Every line of the material needs an exact copy, apart from the images.

→ **Information provided**:
****
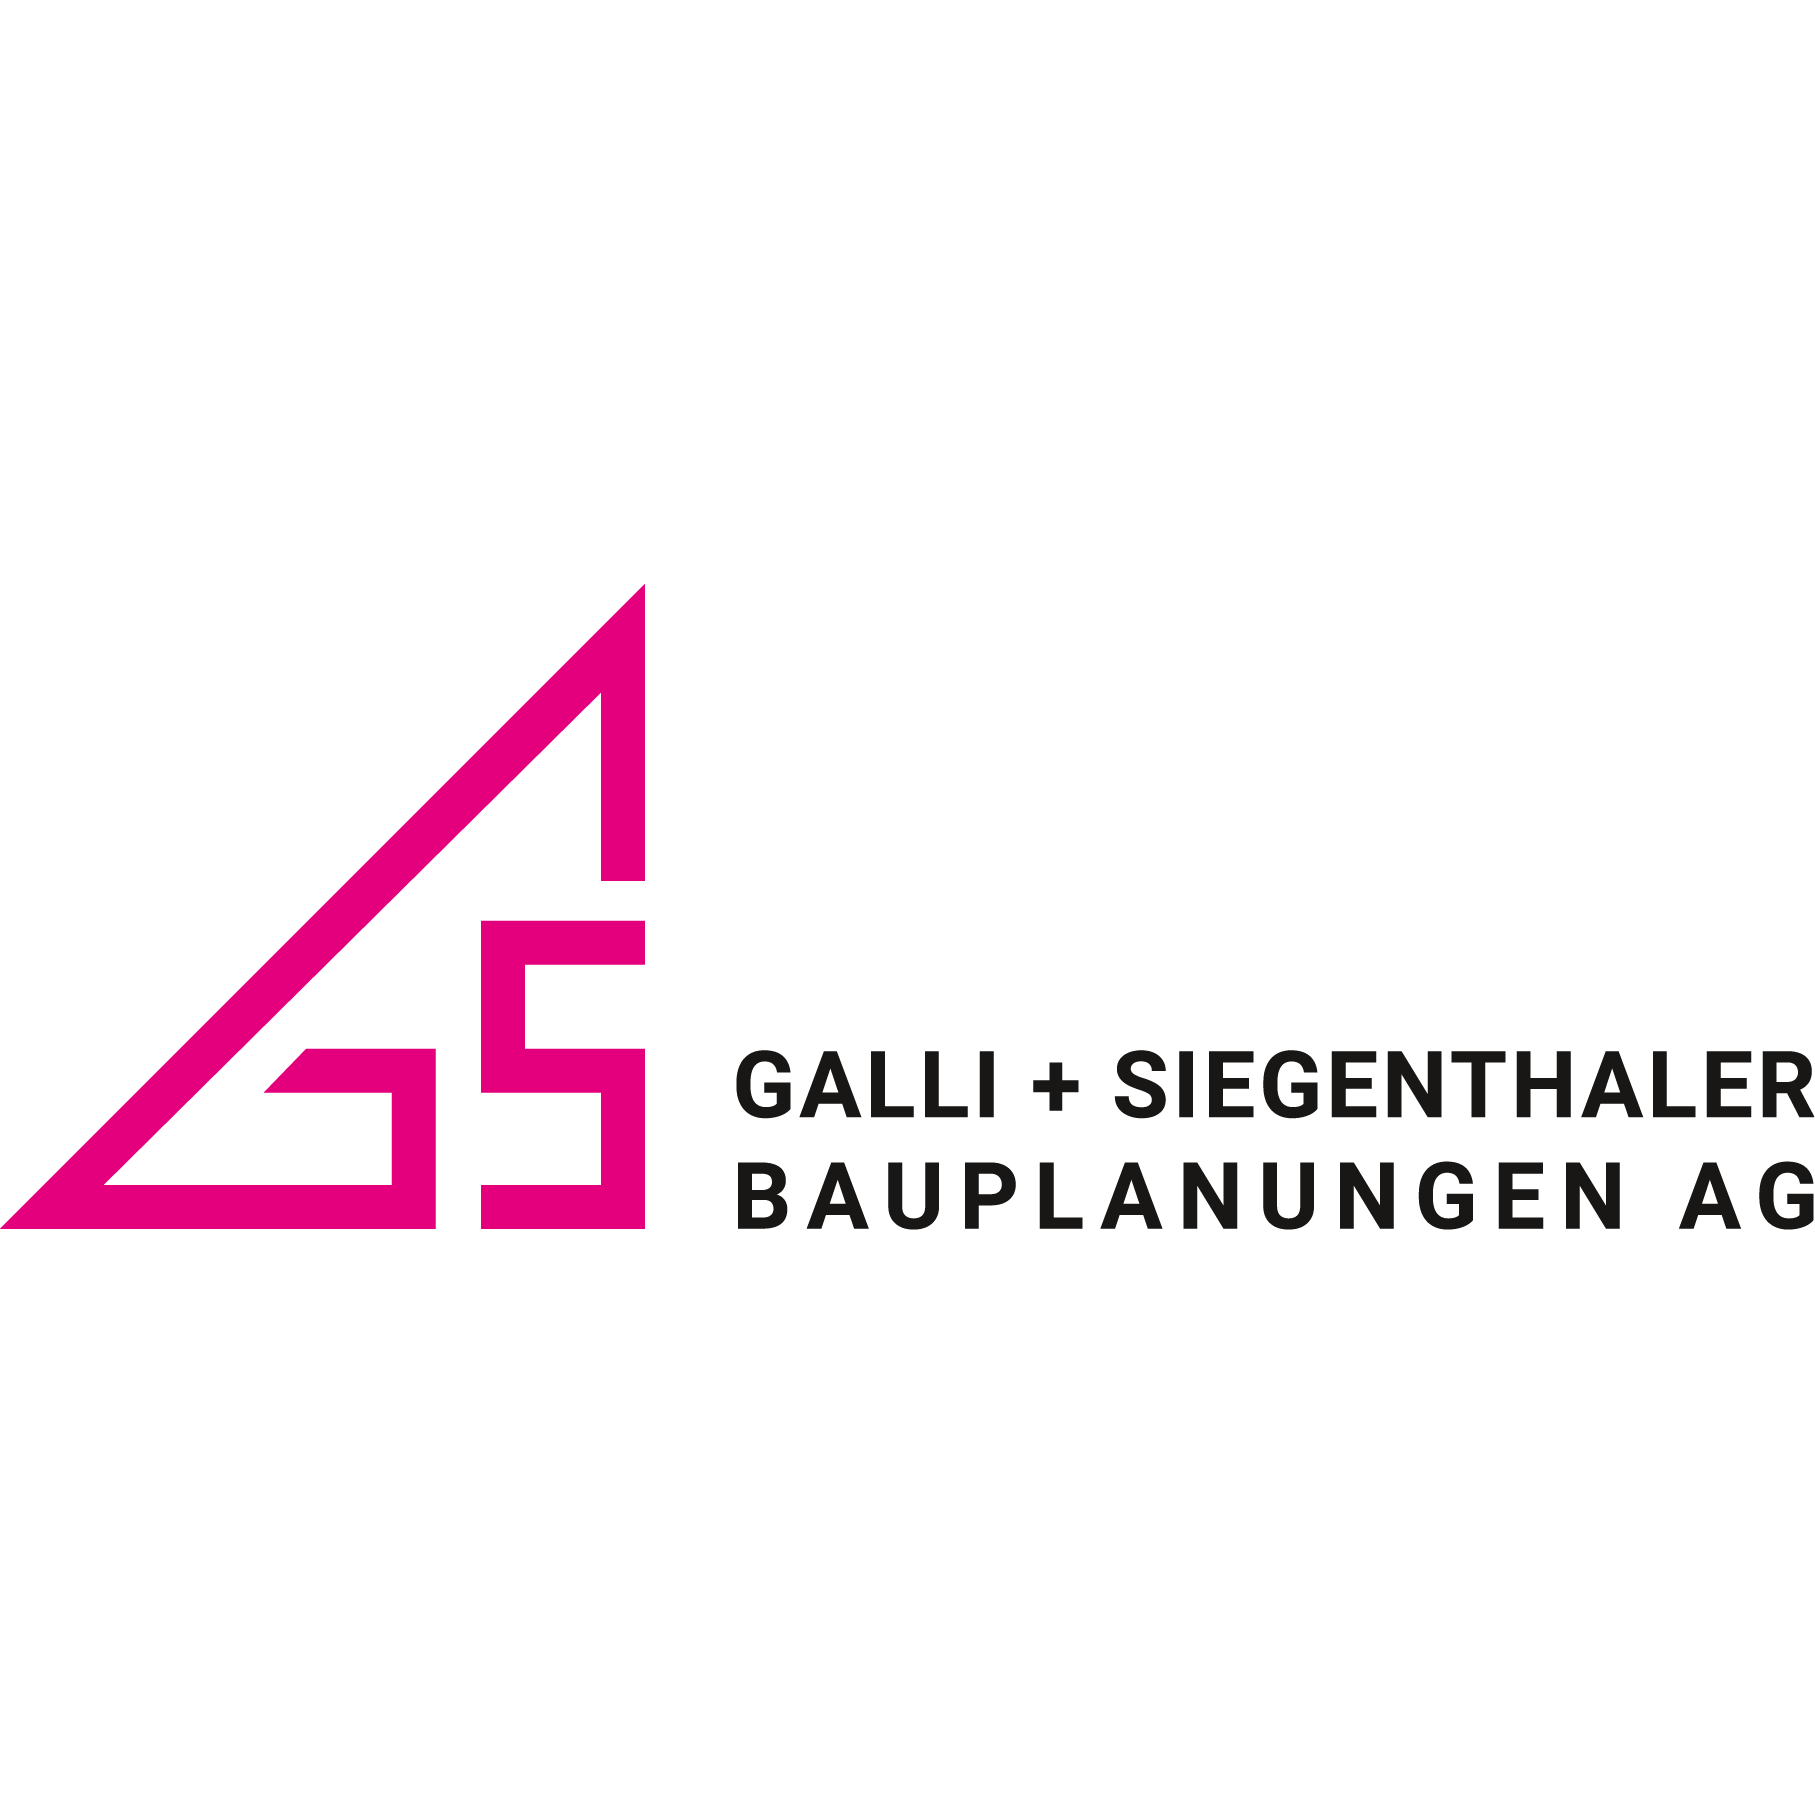 Galli + Siegenthaler Bauplanungen AG Logo
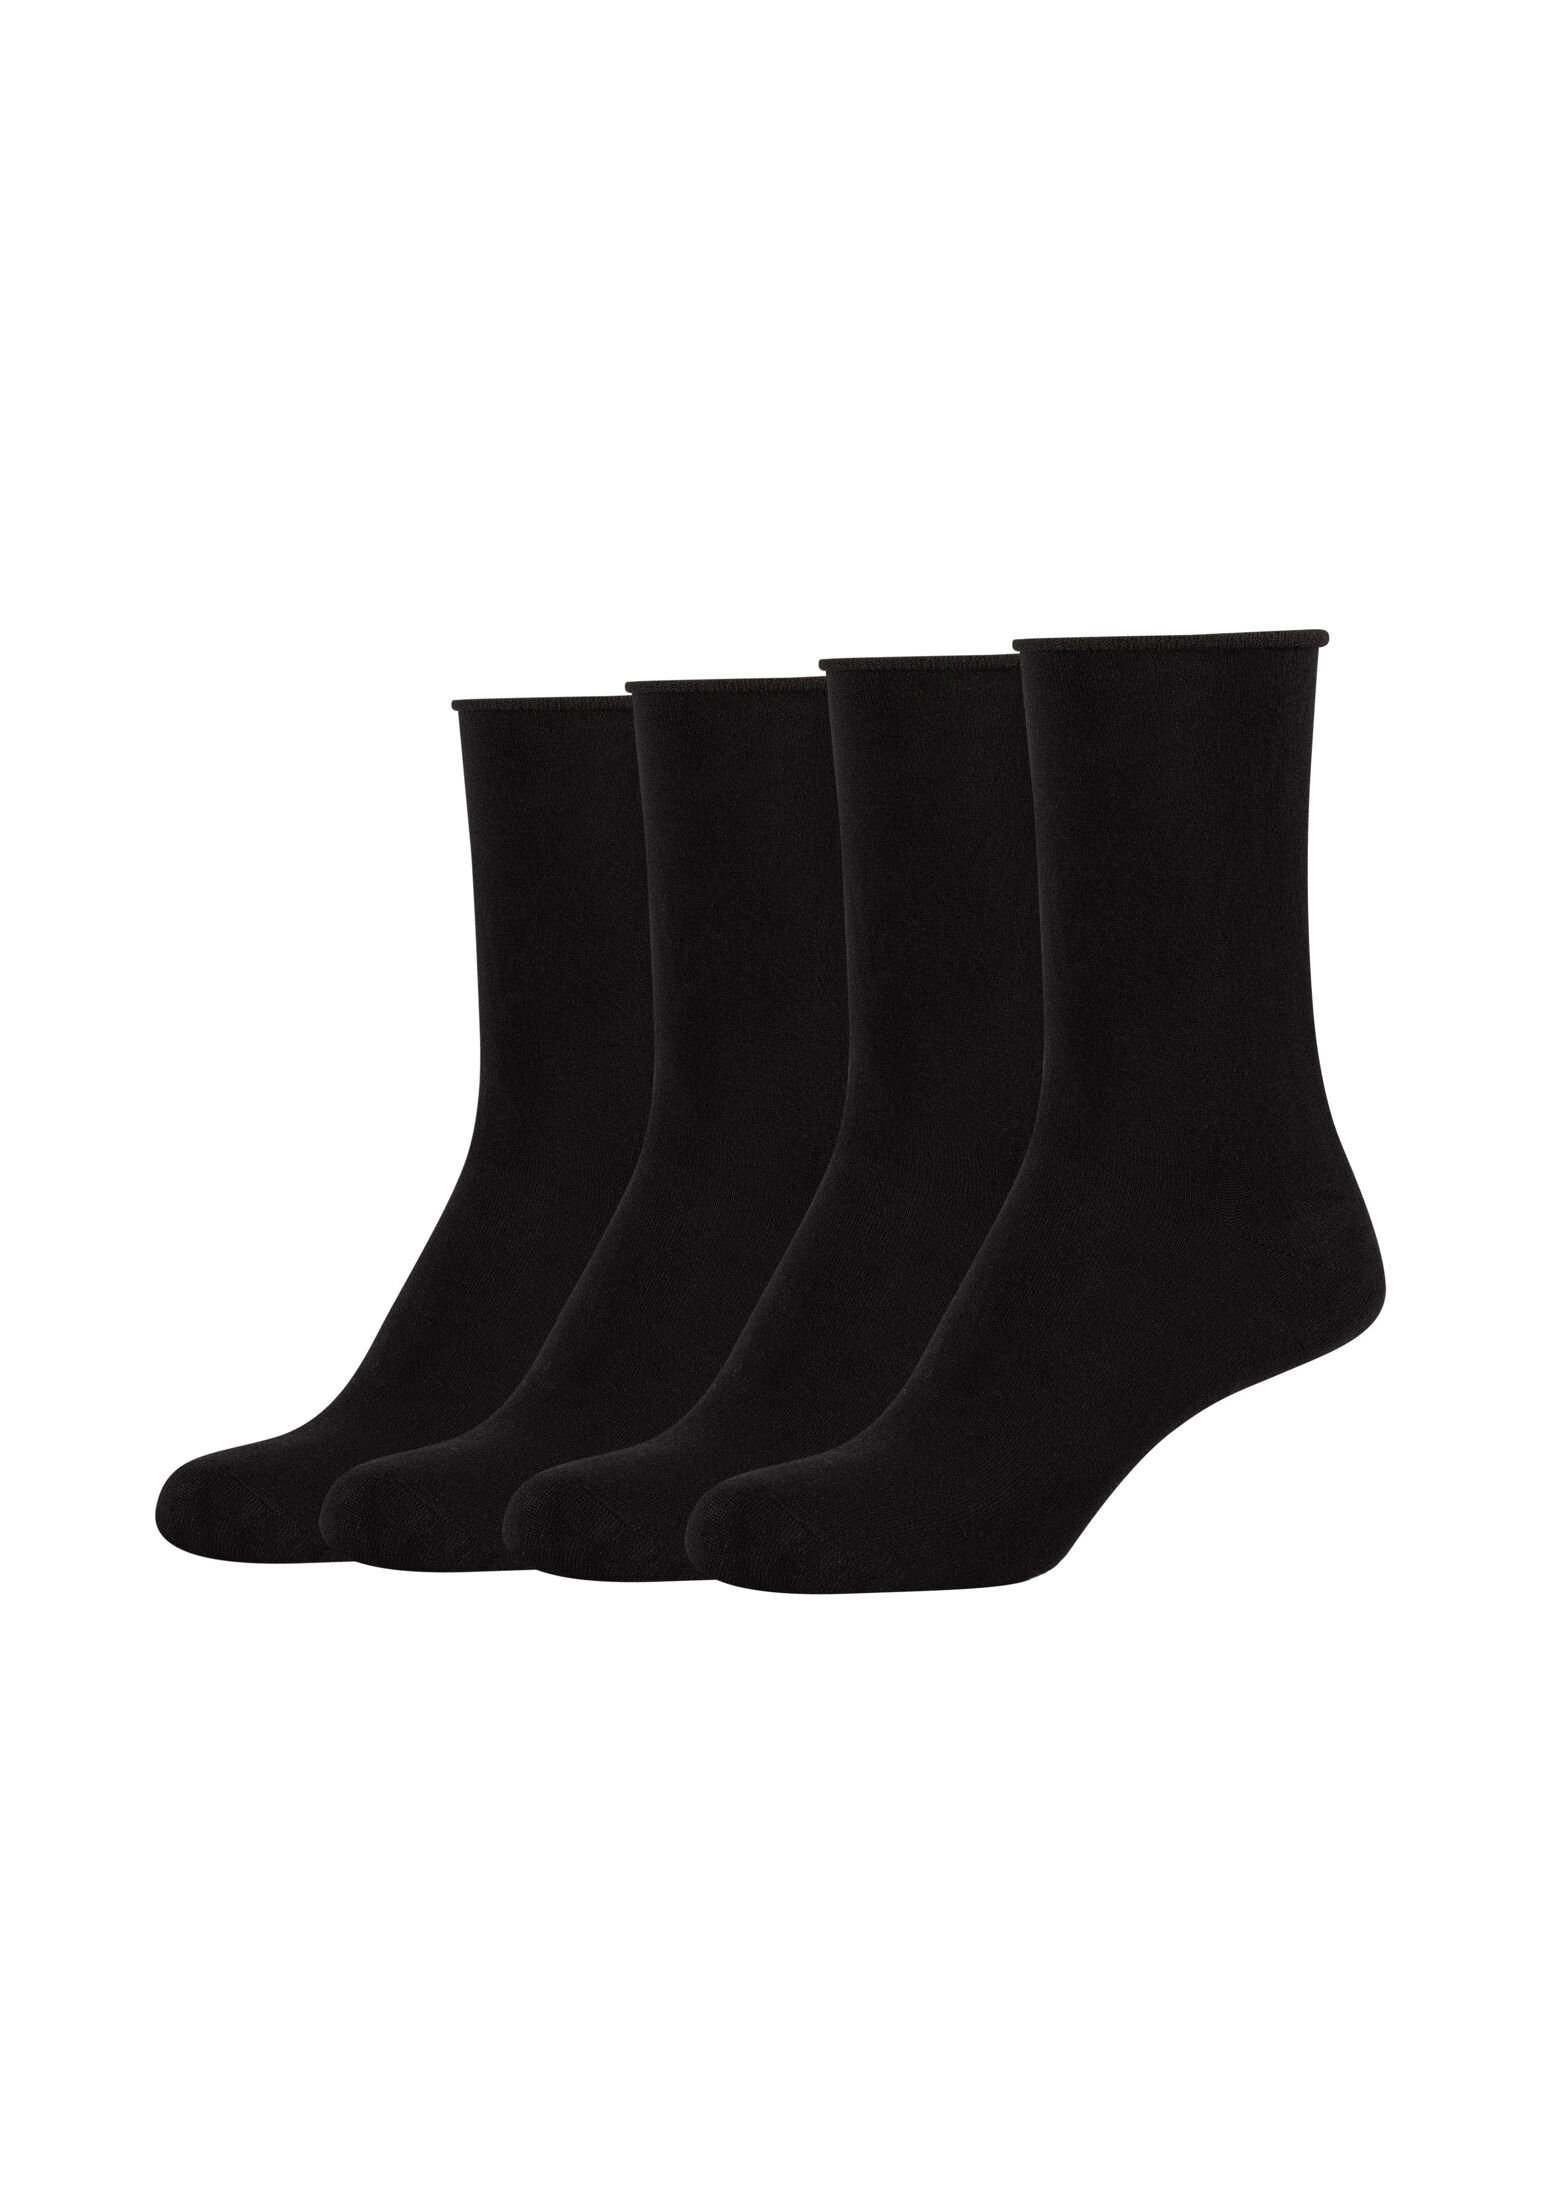 s.Oliver Socken Socken 4er black Pack
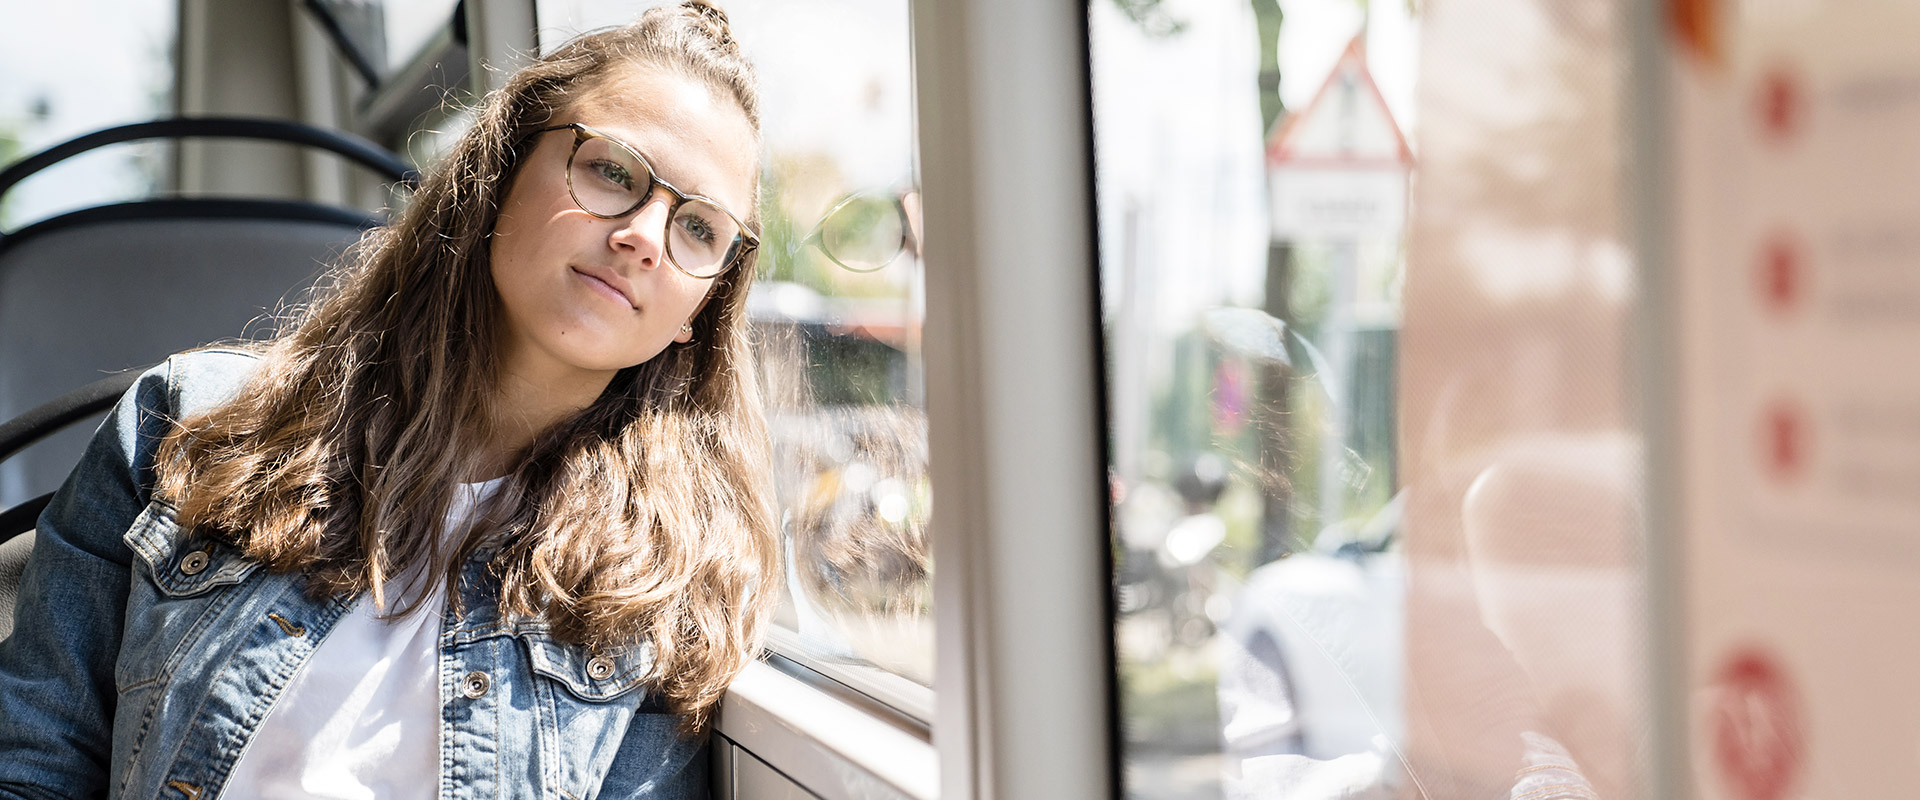 Eine junge Frau mit Brille in einem Bus sitzend. Sie lehnt ihren Kopf an die Scheibe.
****
→ **Task output**:
 Galli + Siegenthaler Bauplanungen AG Logo
 s.Oliver Socken Socken 4er black Pack
 Eine junge Frau mit Brille in einem Bus sitzend. Sie lehnt ihren Kopf an die Scheibe.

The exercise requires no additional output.